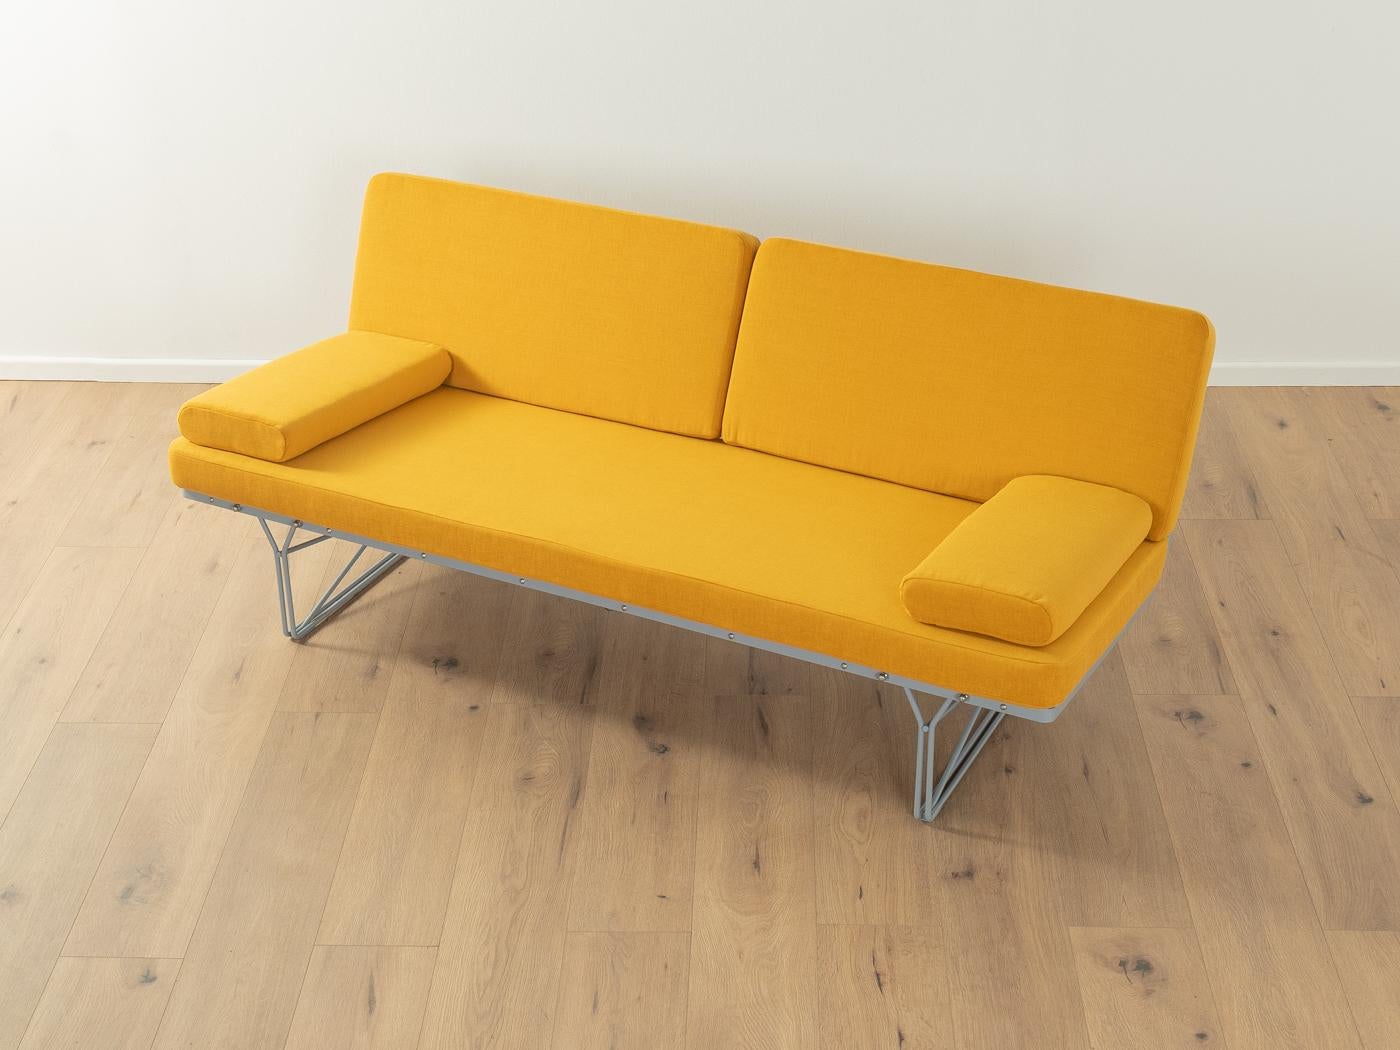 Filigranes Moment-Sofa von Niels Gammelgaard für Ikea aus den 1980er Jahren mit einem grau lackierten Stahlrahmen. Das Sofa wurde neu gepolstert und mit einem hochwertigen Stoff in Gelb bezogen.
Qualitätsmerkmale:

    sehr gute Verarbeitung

◇ ◇ ◇ ◇ ◇ ◇ ◇

#### [About this task]
Restate each line of the material word for word, skipping any picture.

#### [Exercise response]
 Filigranes Moment-Sofa von Niels Gammelgaard für Ikea aus den 1980er Jahren mit einem grau lackierten Stahlrahmen. Das Sofa wurde neu gepolstert und mit einem hochwertigen Stoff in Gelb bezogen.
Qualitätsmerkmale:

    sehr gute Verarbeitung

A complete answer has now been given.